Dans sa lettre du 11 janvier aux partenaires sociaux, le Premier ministre demande de “rétablir l’équilibre” (c’est à dire faire 12 milliards d’euros d’économies d’ici 2027), et écarte (comme déjà à plusieurs reprises) l’option d’augmenter les cotisations - et de baisser les pensions des actuel·le·s retraité·e·s Les économies seront donc concentrées sur les personnes qui sont aujourd’hui à deux ans de la retraite ou plus. Elles pourraient prendre plusieurs formes, listées notamment par le rapport du COR de novembre 2019: âge pivot (“âge minimal du taux plein”), allongement de la durée de cotisation, report de l’âge légal (demandé par une partie du patronat)… Toutes ces options sont strictement équivalentes, puisqu'elles rabotent toutes 12 milliards d'euros sur nos pensions dès 2027.

Dans un dossier publié en décembre, nous avions illustré les effets de ces différentes options :

L'une des options alternatives à l'âge pivot pourrait être d'augmenter la durée de cotisation (retrouvez les chiffrages de ces différentes options dans notre dossier)

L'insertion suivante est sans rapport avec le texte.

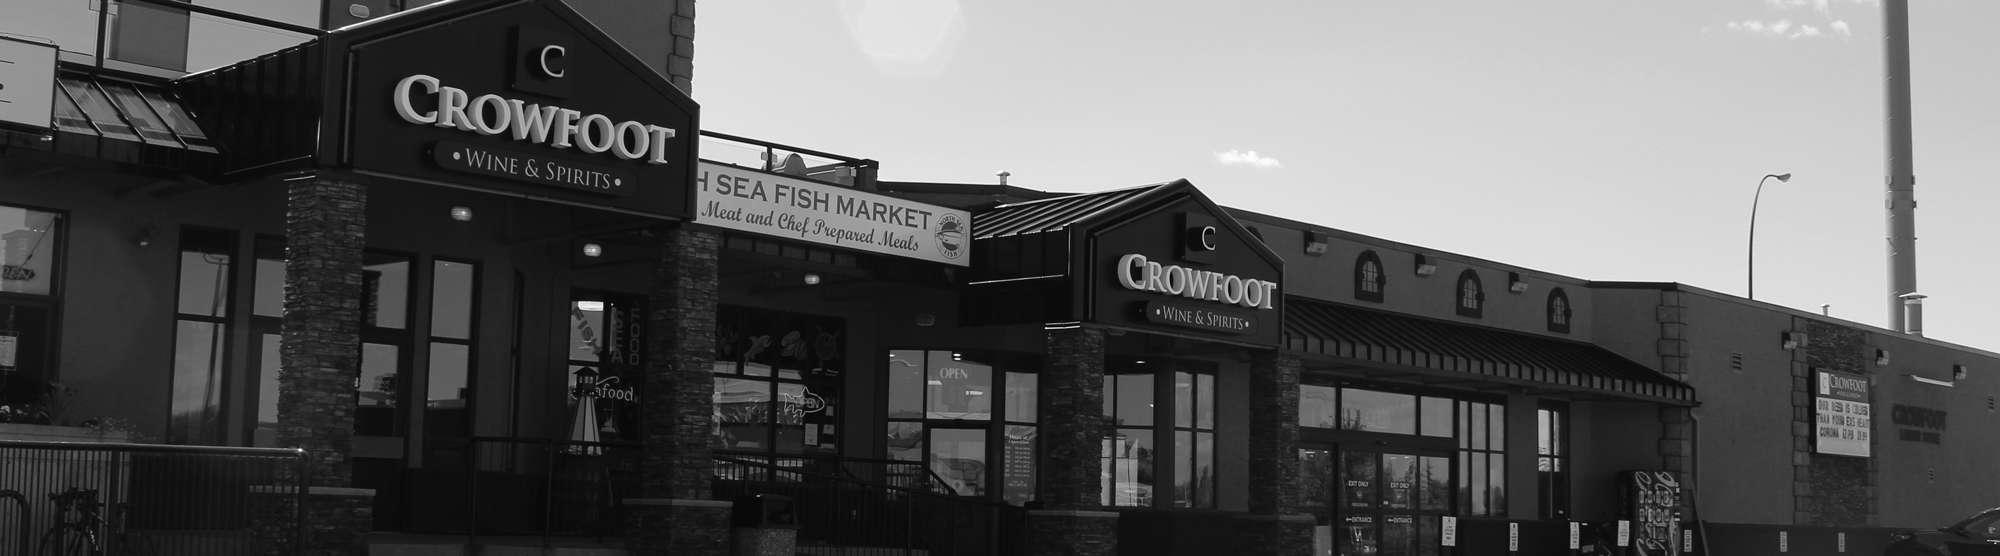 crowfoot store large

3. Sur la méthode : le gouvernement se prépare à passer en force

Sur le calendrier : rien n’a changé non plus. Dès son discours de décembre, Édouard Philippe proposait :

  • de voter d’abord la mise en place du système à point. 
  • puis de discuter (une fois la réforme votée), de la forme des baisses de pensions à mettre en oeuvre dès 2022. 
  • Tout en disant que si aucun accord n’est trouvé, ces mesures d’économies prendront la forme d’un âge pivot dès 2022. 

C’est ce qui était dit en décembre et c’est encore ce qui est dit aujourd’hui. À un point près : plutôt que d'être directement votées par le Parlement, ces décisions passeraient…par ordonnances. Donc sans contrôle démocratique, potentiellement sous la seule signature du gouvernement. Et les parlementaires, votant la loi, ne sauraient même pas à quoi s'en tenir. 

En clair, ce qui change, ce n’est pas le contenu du projet, qui vise toujours à économiser 12 milliards d'euros en 2027, puis à bloquer les cotisations à (maximum) 14% du PIB. En revanche, le gouvernement accroît encore le flou sur les modalités de son projet, en espérant le vote d'un chèque en blanc par les parlementaires.